MATERIAL PROVIDED:
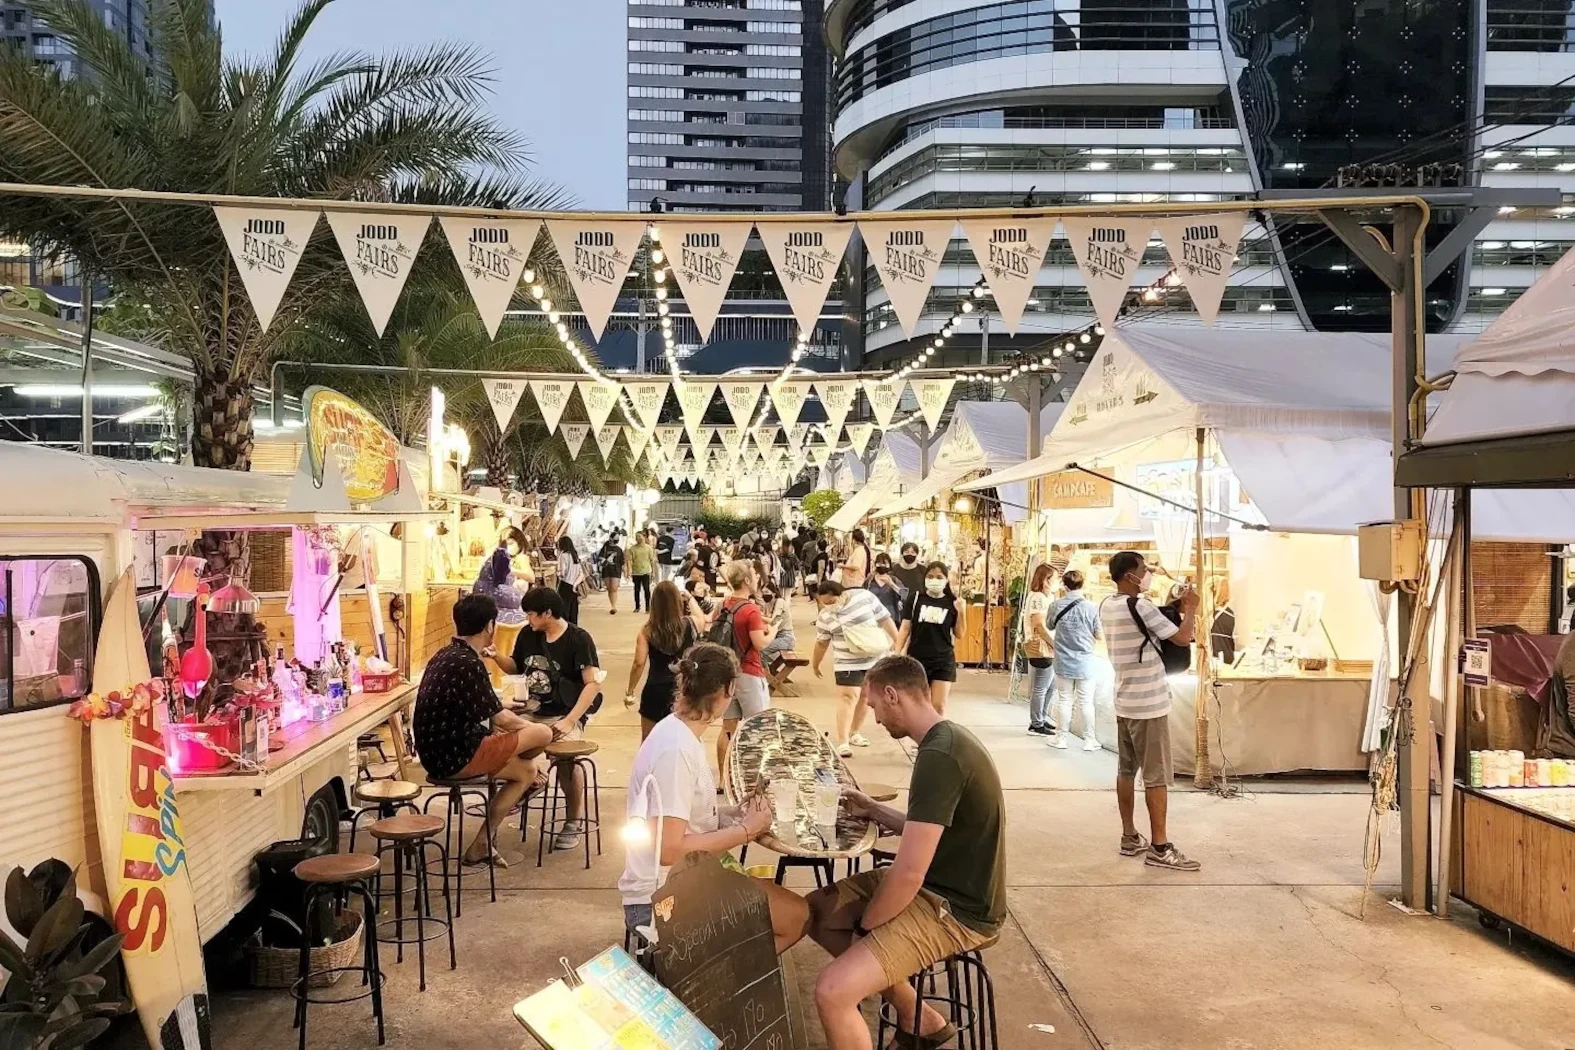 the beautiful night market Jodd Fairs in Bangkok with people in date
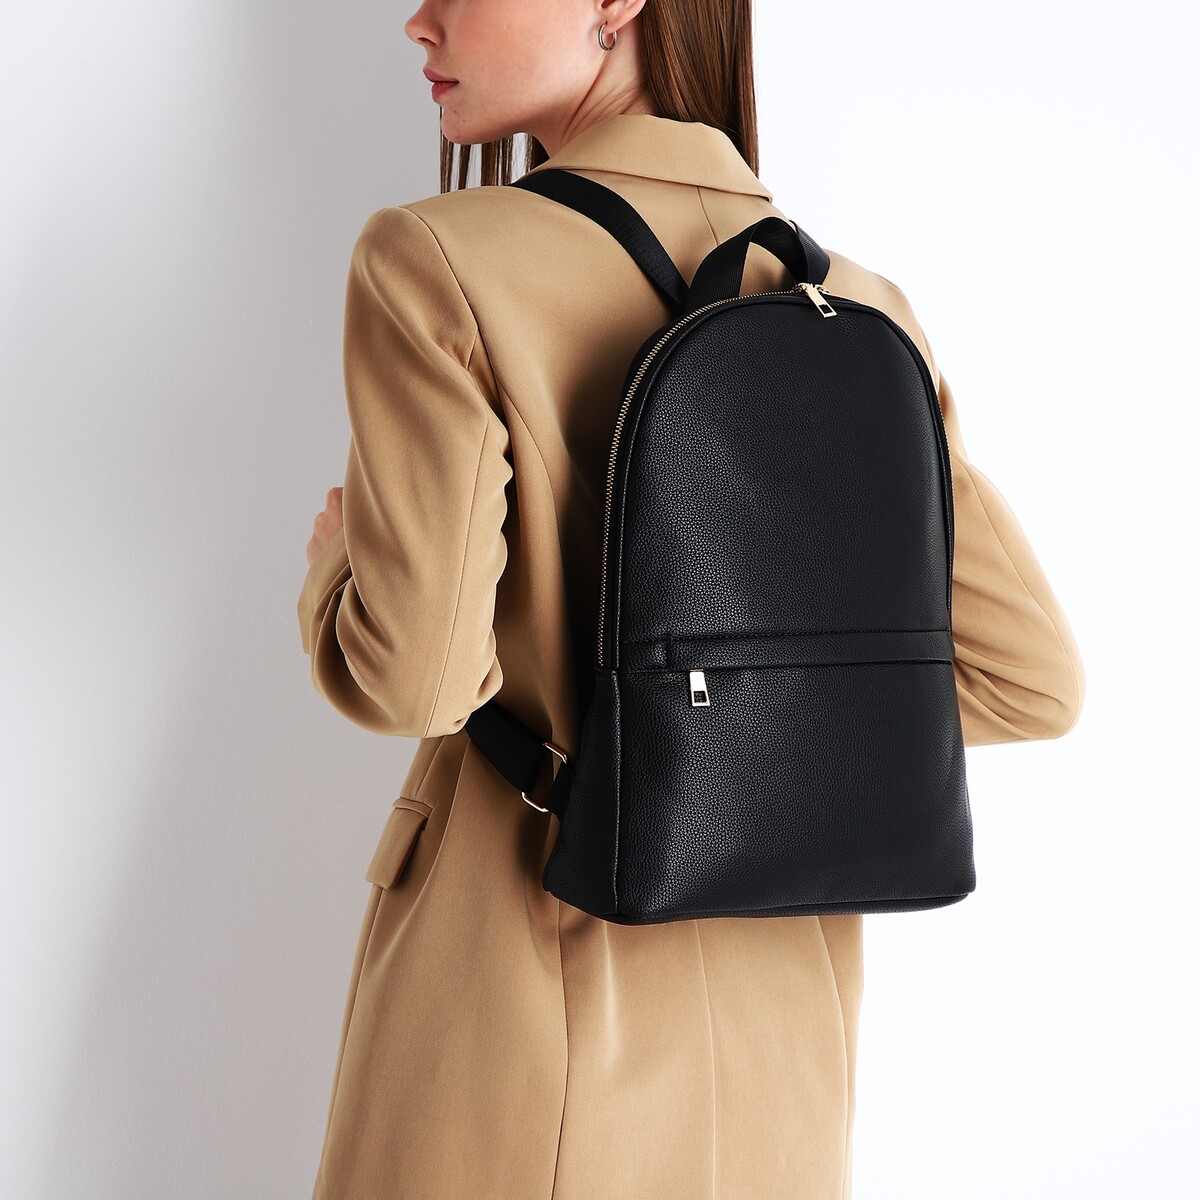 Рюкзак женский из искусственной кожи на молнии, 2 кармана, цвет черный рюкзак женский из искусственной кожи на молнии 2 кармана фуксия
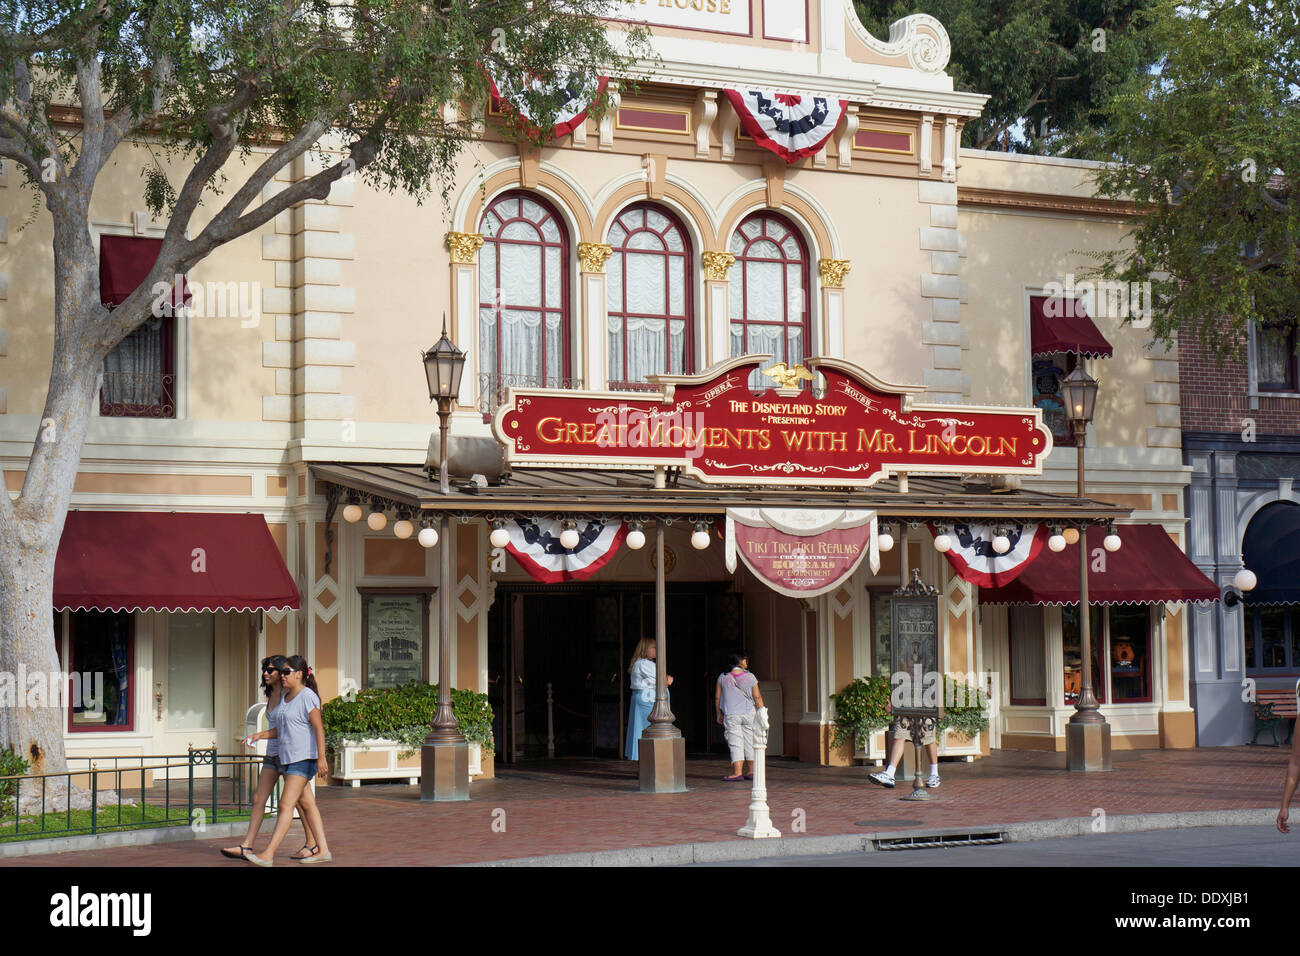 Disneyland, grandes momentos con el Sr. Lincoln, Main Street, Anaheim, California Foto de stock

PROBLEM:
Give the complete material again, exactly as written. Do not include the pictures.

WRITTEN REPLY:
 the beautiful night market Jodd Fairs in Bangkok with people in date
 Рюкзак женский из искусственной кожи на молнии, 2 кармана, цвет черный рюкзак женский из искусственной кожи на молнии 2 кармана фуксия
 Disneyland, grandes momentos con el Sr. Lincoln, Main Street, Anaheim, California Foto de stock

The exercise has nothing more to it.